Monday, January 12, 2009


Aerodynamics is the study of physics that examines the presence and effects of air or gases, especially when interacting with moving objects or living organisms. Aerodynamics are the forces that act on the surface of a body in motion moving through the air, or the pressure exerted by air flowing past a stationary object. Examples of airflow around bodies are: gas in engines and furnaces, air conditioning of buildings, vehicles, buildings and bridges, bird and insect flight, musical instruments, etc.

Air is viscous; viscosity is the ability of a flowing liquid or gas to resist the flow of objects going through it. In air, viscous forces are generally small in comparison with other inertia forces, which can cause instability and turbulence when objects move through them. This is why air close to the Earth’s surface is generally turbulent, as is the air near other bodies moving through air. The problem of turbulence has never been completely solved however, engineers can usually predict its affects and compensate for it.

The compressibility of air determines the speeds at which pressure changes are transmitted the flow field. The speed of sound is about 340 m/s at sea level, and 296 m/s in the stratosphere, the difference is due to air compressibility. If the speed of a body transcends the speed of sound, the pattern of airflow changes and pressure waves turn into shock waves. Mach speed is the number of the ratio between a body and the speed of sound. The design of efficient aircraft shapes for flight at speeds greater near or greater than Mach one is one of the most challenging problems in the field of aerodynamics.

Viscosity and compressibility are the most difficult factors to deal with in theoretical thermodynamics and the development of aerodynamics in this century has been possible only through using experimentation with theoretical aerodynamics. In order to test theories scientists use a wind tunnel, a tool used to study the effects of air, to test their theories.

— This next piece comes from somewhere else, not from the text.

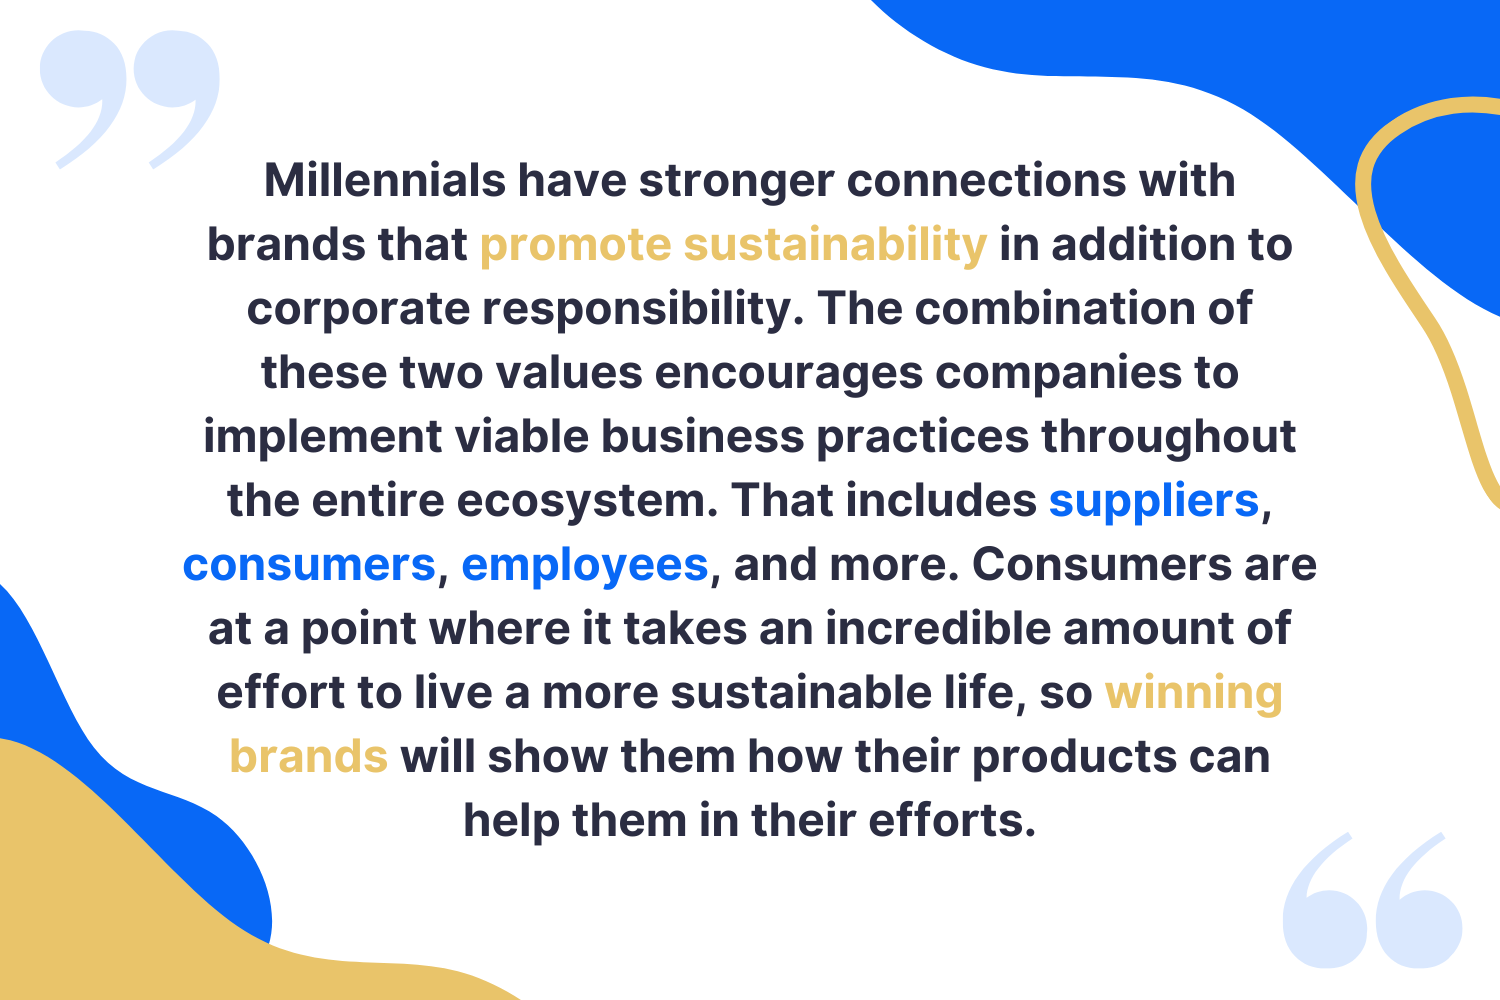 Millennials have stronger connections with brands that promote sustainability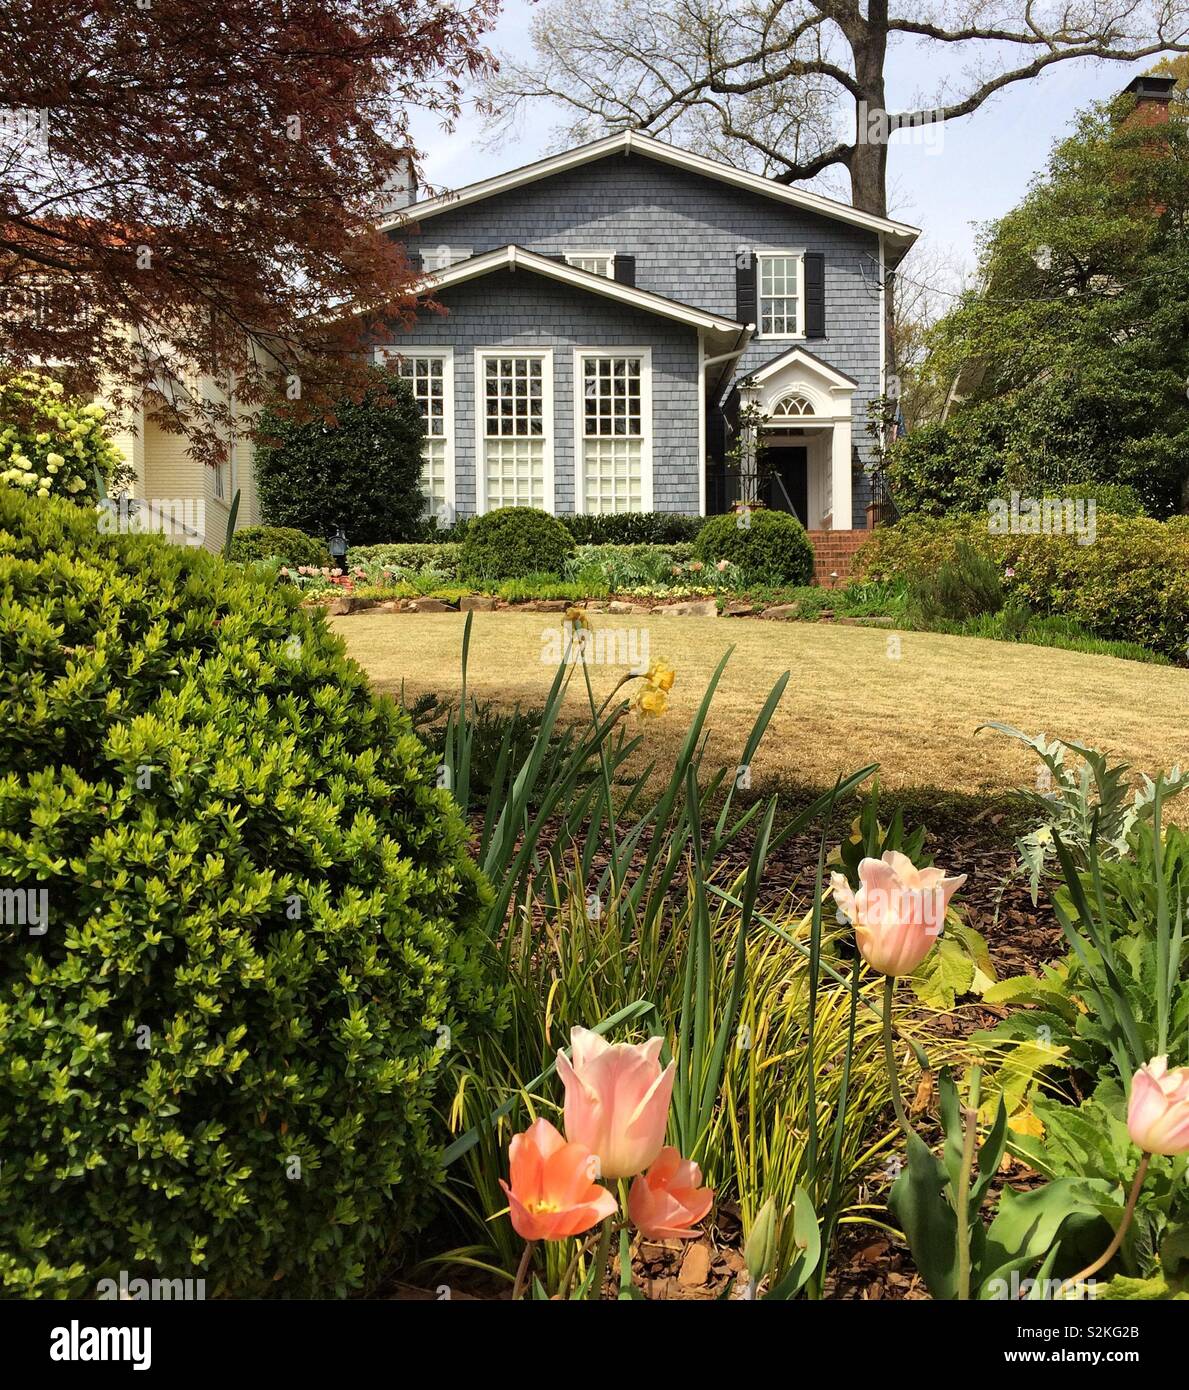 A spring view of a home in the Ansley Park Historic District, Atlanta, Georgia, United States Stock Photo

Aerodynamics is applicable to more studies than those of aeronautics however; scientists use wind tunnels to study the affects of air pressure on new architectural designs, and to study the natural winds that flow over the Earth’s surface. Other places use aerodynamics to investigate things such as bird flight, pesticide and spray diffusion and distribution, and snow drifting. Other studies include aerodynamic forces on downhill skiers, cars, high-rise buildings, model ships and trains, a flexible stadium roof (sky dome), snowmobiles, motorcycles, parachutes, and so on.